Two APIs: the control-plane REST API (Cloudflare-specific) and the Iceberg REST catalog API (standard, used via PyIceberg/PySpark). For PyIceberg method details pull https://py.iceberg.apache.org/; for engine configs see https://developers.cloudflare.com/r2/data-catalog/config-examples/.

Control-Plane REST API

Base: https://api.cloudflare.com/client/v4/accounts/{ACCOUNT_ID}/r2-catalog/{BUCKET} Auth: Authorization: Bearer $API_TOKEN

Operation	Method	Path
Get catalog details	GET	`/r2-catalog/{bucket}`
Enable / disable	POST	`/r2-catalog/{bucket}/enable` · `/disable`
Store compaction credential	POST	`/r2-catalog/{bucket}/credential`
List namespaces	GET	`/namespaces`
List tables	GET	`/namespaces/{ns}/tables`
Get table metadata	GET	`/namespaces/{ns}/tables/{table}`
Get/update maintenance config	GET/POST	`/maintenance-configs` and `/namespaces/{ns}/tables/{table}/maintenance-configs`

List endpoints accept ?return_uuids=true, ?return_details=true, ?parent={ns}, and pagination. Nested namespaces use %1F (Unit Separator), not / or .: /namespaces/parent%1Fchild/tables.

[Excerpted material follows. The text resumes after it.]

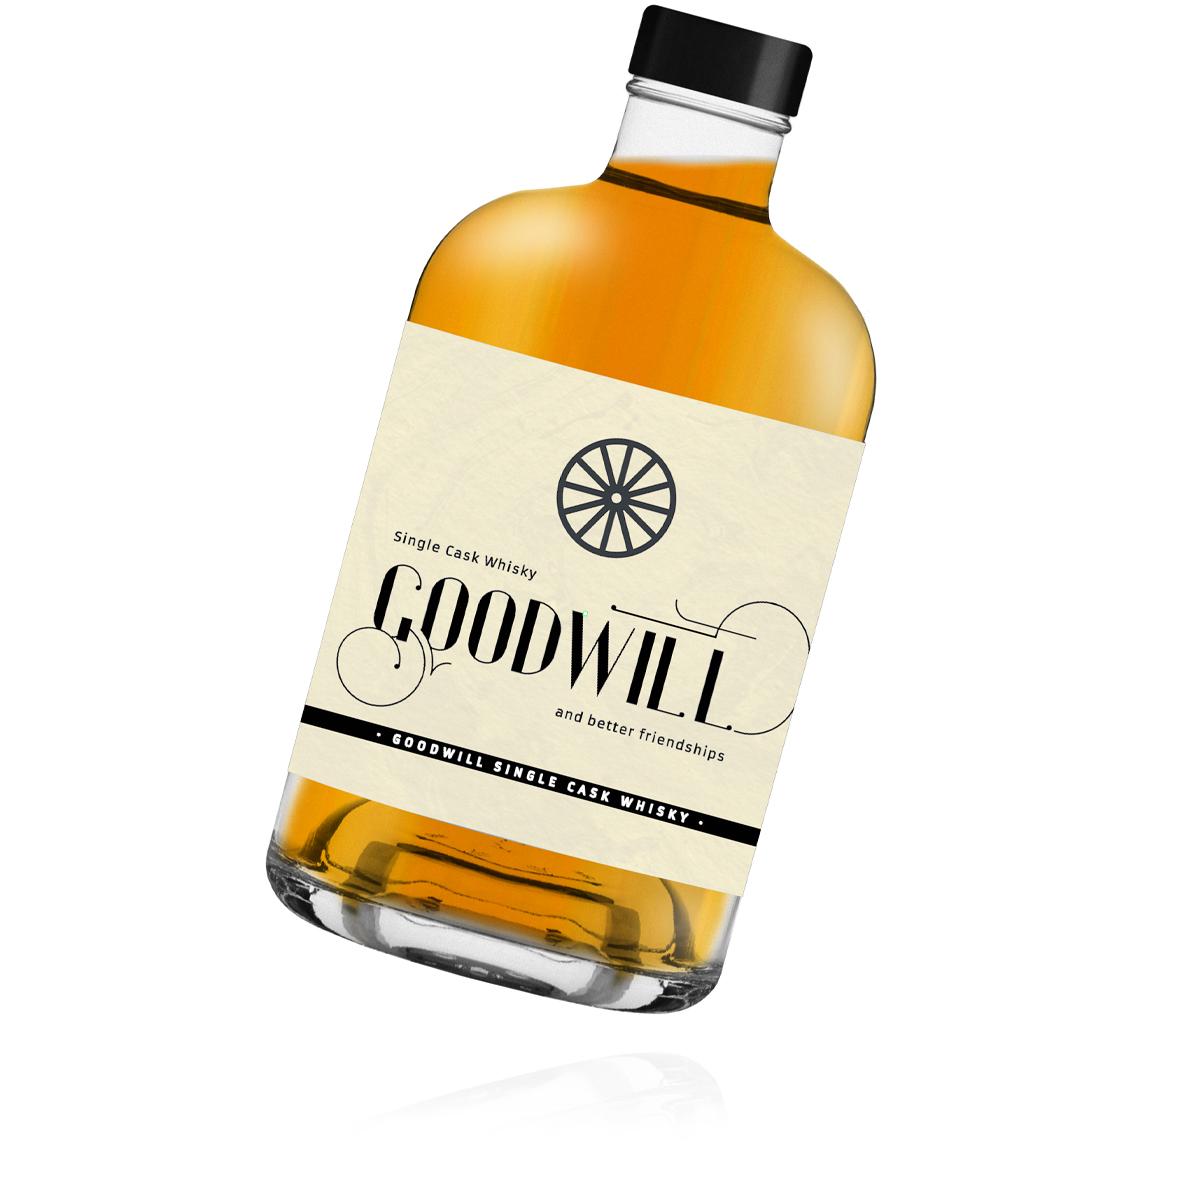 Flasche Goodwill Single Cask Whisky - Goodwill Spirits

# Catalog details (status, maintenance_config, credential_status)
curl -s "https://api.cloudflare.com/client/v4/accounts/$ACCOUNT_ID/r2-catalog/$BUCKET" \
  -H "Authorization: Bearer $API_TOKEN"

# Store token for compaction (pure-API setups)
curl -s -X POST "https://api.cloudflare.com/client/v4/accounts/$ACCOUNT_ID/r2-catalog/$BUCKET/credential" \
  -H "Authorization: Bearer $API_TOKEN" -H "Content-Type: application/json" \
  -d '{"token": "'$API_TOKEN'"}'

# Update maintenance config (all fields optional; table-level overrides catalog-level)
curl -s -X POST "https://api.cloudflare.com/client/v4/accounts/$ACCOUNT_ID/r2-catalog/$BUCKET/maintenance-configs" \
  -H "Authorization: Bearer $API_TOKEN" -H "Content-Type: application/json" \
  -d '{"compaction": {"state": "enabled", "target_size_mb": "256"},
       "snapshot_expiration": {"state": "enabled", "min_snapshots_to_keep": 10, "max_snapshot_age": "7d"}}'

Get Table (metadata introspection)

GET /namespaces/{ns}/tables/{table} returns schema, partition spec, sort order, and snapshot info — like Iceberg "load table" but on the control plane, with snapshots pruned to the most recent 10. (Newer than the published API docs.)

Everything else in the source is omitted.